Regardless of whether it is a small house or a large bungalow, most homebuyers apply for a home loan. To decide how much you should borrow and how much the lender can offer, you should understand your needs, your ability to repay the home loan, your income, your future potential income, your savings, equity to handle unexpected costs and many such important factors.

Banks and the financial institutions will not lend you the total cost of the property. Buying a home demands meticulous financial planning. Find out the right way to allocate your monthly income between investments, expenses, and loans.

Reliobrix tells you how to figure out how much you should borrow.

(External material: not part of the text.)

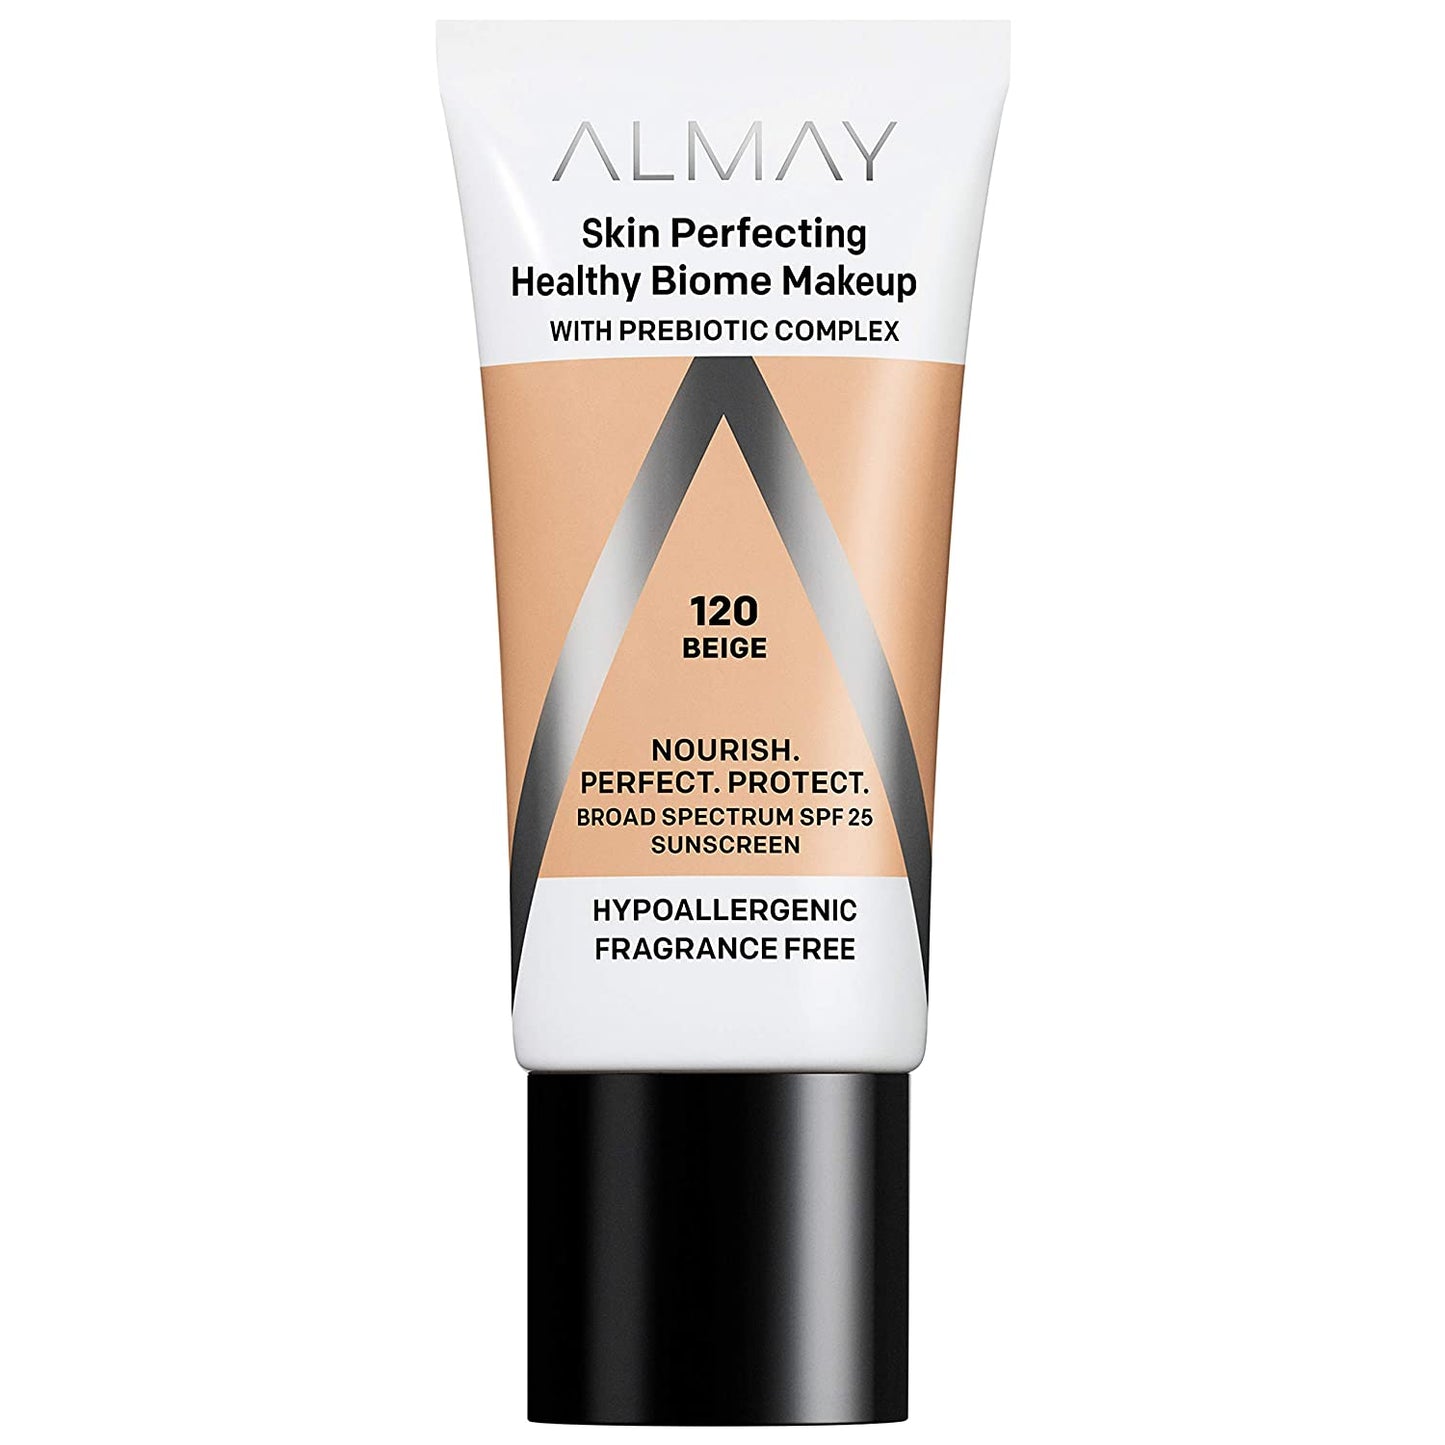 Almay Skin Perfecting Healthy Biome Makeup SPF 25 120 Beige
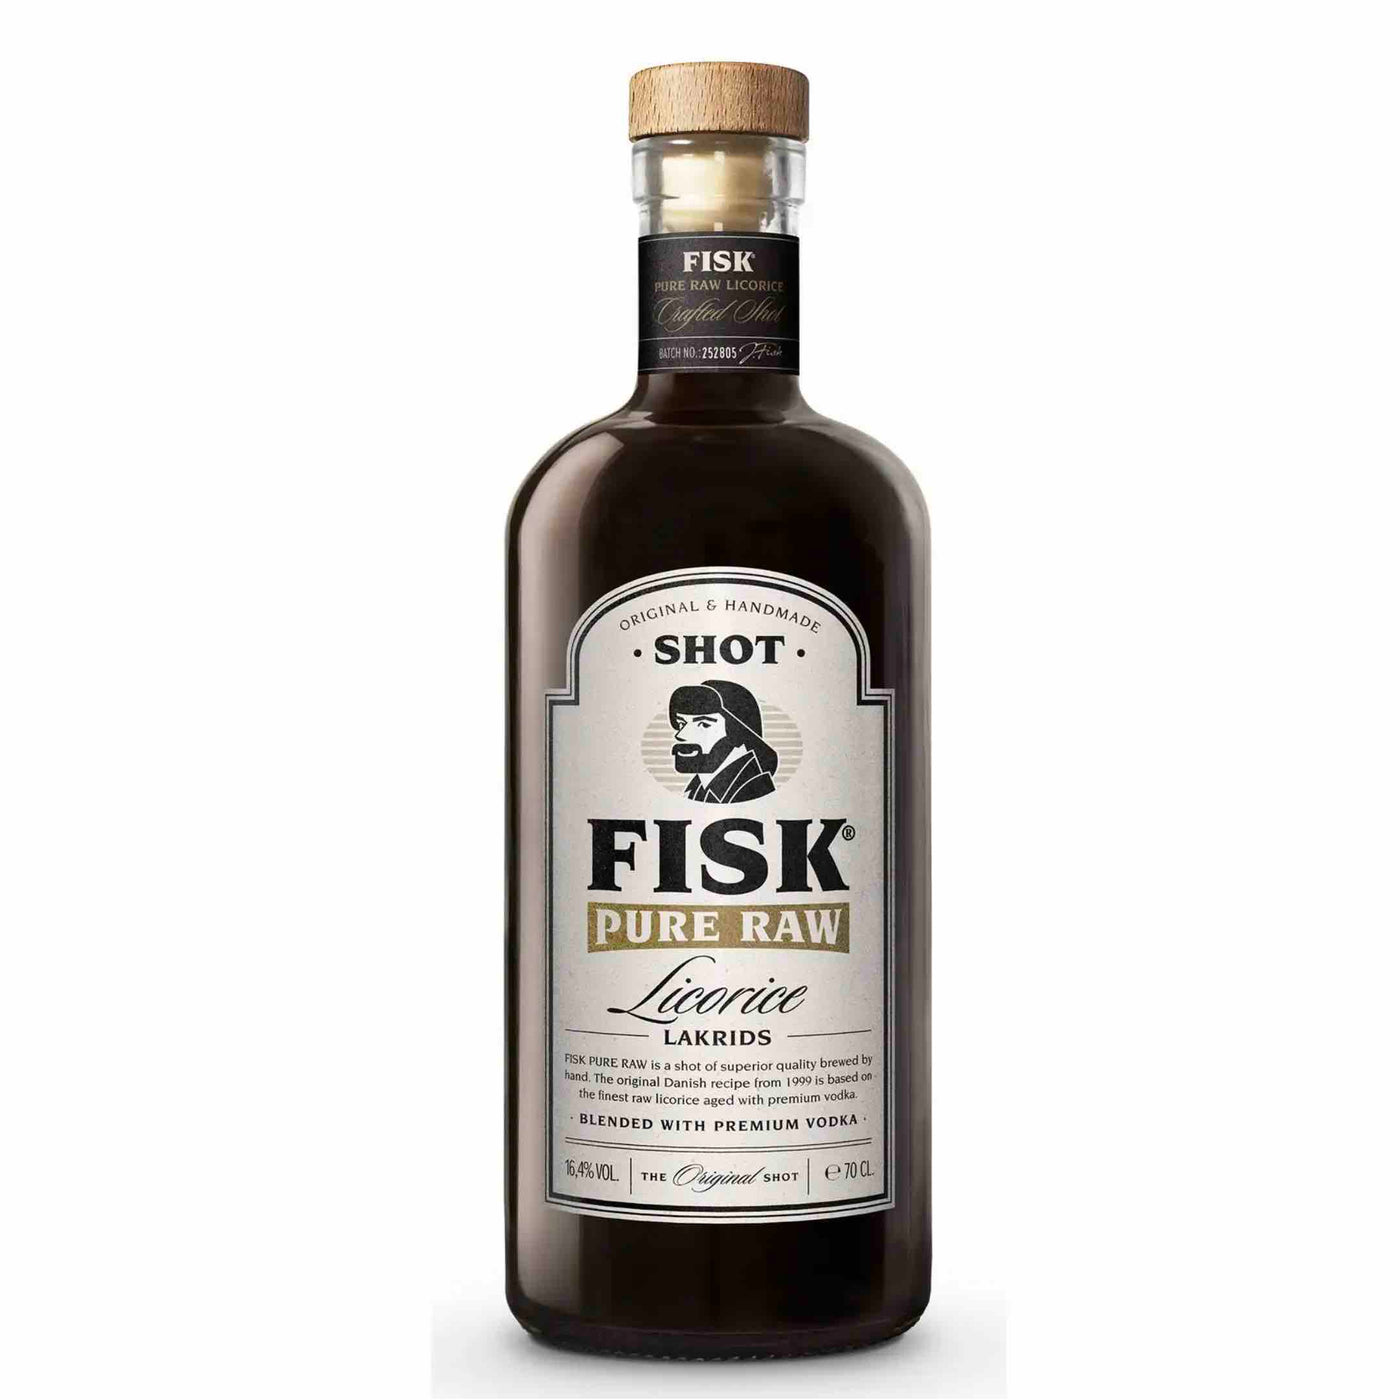 Fisk Pure Raw Liquorice, 16,4%, 0,7L

  • Regardless of whether the property costs in lakhs or crores, if you buy property in India, most lenders will fund only up to 80 per cent of the market value of the property (90 per cent if the home loan is worth Rs. 30 Lakhs). Whether they fund 80 per cent of the market value will also depend on factors like your prior loan repayment credentials, income, credit score and similar factors. The funding will be lower if you are weaker on these parameters.
  • The lender does not decide whether to lend to you looking at your gross income. The ‘net income’ or ‘pay in hand’ the benchmark they rely on to assess how much you will be able to pay towards the home loan monthly instalments.
  • As we said, the lender funds 80-90 per cent of the market value of the property, depending on much you have taken as home loan amount. Where does the rest of the money come from? This comes from you. This owner’s contribution is called Margin money. Home loan borrowers are expected to contribute a certain percentage of funds, out of their own pocket, towards the home loan amount. Higher the margin money, lower will be the home loan amount and equated monthly instalments (EMIs).
  • The best method/formula to estimate the home loan amount you should borrow is calculating the Debt-to-Income ratio (i.e. a measure that compares the borrower’s debt payments to overall income). Use home loan calculators to estimate how much you want and how much you can actually repay.
  • Whether the property is under-construction or ready to move in also plays an important role in influencing the home loan amount. It is important to note that you will also have to pay service tax and value added tax (VAT) for under-construction apartments in India along with other hidden costs.
  • Interest rates are another factor that helps you determine how much you should borrow as a loan. Look at the rate of interest in the long run. Longer the period over which your home loan is spread (i.e. tenure), more will be the interest paid. Be wary of the teaser rates that are offered just to attract customers, because you may end up paying more than what is usually offered in the market.
  • Think long and hard if you are already paying rent. Paying EMI and renting together can cause a huge dent in your savings plan.